Bipartisan Telehealth Bill Introduced

Oct 23, 2013 Issues: Economy & Jobs, Health Care, Seniors, Veterans

WASHINGTON, DC – Legislation to strengthen Medicare and enhance Medicaid through expanded telemedicine coverage has been introduced by a bipartisan group of House lawmakers.

The “Telehealth Enhancement Act of 2013,” authored by U.S. Reps. Gregg Harper (R-Miss.), Mike Thompson (D-Calif.), Devin Nunes (R-Calif.), and Peter Welch (D-Vt.), builds on existing payment innovations. This proposal is the result of a months-long drafting process involving patients, providers, and other industry stakeholders, the bill sponsors say.

“These efforts began with a conversation about physician shortages and concerns with patients’ access to quality and affordable health care,” the authors said in a letter urging their colleagues to cosponsor the bill. “Until we are able to attract more physicians to rural communities and tighten the access gap, the next best alternative is to use technology to connect health professionals with underserved populations – rural and urban – through telehealth networks.”

Among other reforms, the bill adjusts Medicare home health payments to account for remote patient monitoring and expands coverage to all critical access and sole community hospitals, regardless of metropolitan status. The package also covers home-based video services for hospice care, home dialysis, and homebound beneficiaries.

Under the bill, states will also have the option of setting up high-risk pregnancy networks within their Medicaid programs.

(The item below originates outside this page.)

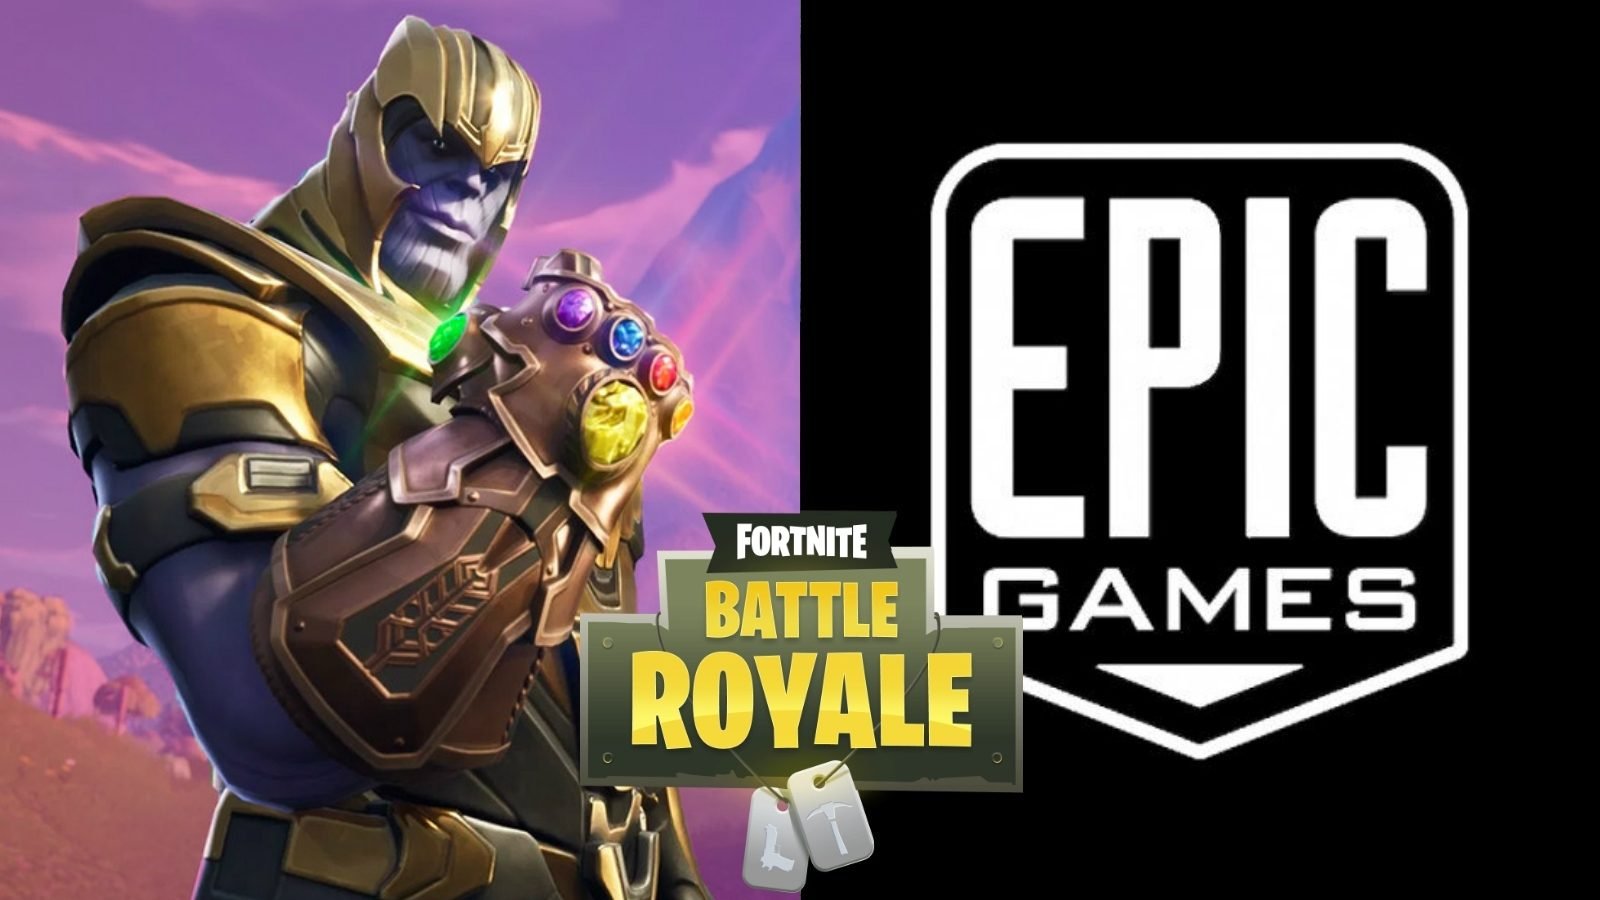 Epic Games Employees Worked 100 Hour Weeks

This model centers on the success of state programs, notably Arkansas ANGELS, to use telehealth for the coordination and improvement of at-risk births and neonatal care.

“Our aim is to complement states that are pioneering telemedicine across the country,” the lawmakers continued. “We hope to help states lower health costs by encouraging people to adopt healthier lifestyles as well as reducing avoidable hospital visits.”

Many trade associations have signaled support for the legislation, including the American Telemedicine Association (ATA).

“Studies have shown that telehealth can improve access, reduce costs and improve the quality of healthcare,” said Jonathan Linkous, chief executive officer of the ATA. “To unlock this potential, we need to give health providers the ability to use this technology where ever appropriate. ATA supports this legislation because it takes a sensible approach to move aside government restrictions and allow patients access to health services wherever they are located. Instead of going to the doctor, it allows the doctor to go to the patient.”

The bill, H.R. 3306, has been referred to the House Committee on Energy and Commerce and the House Committee on Ways and Means.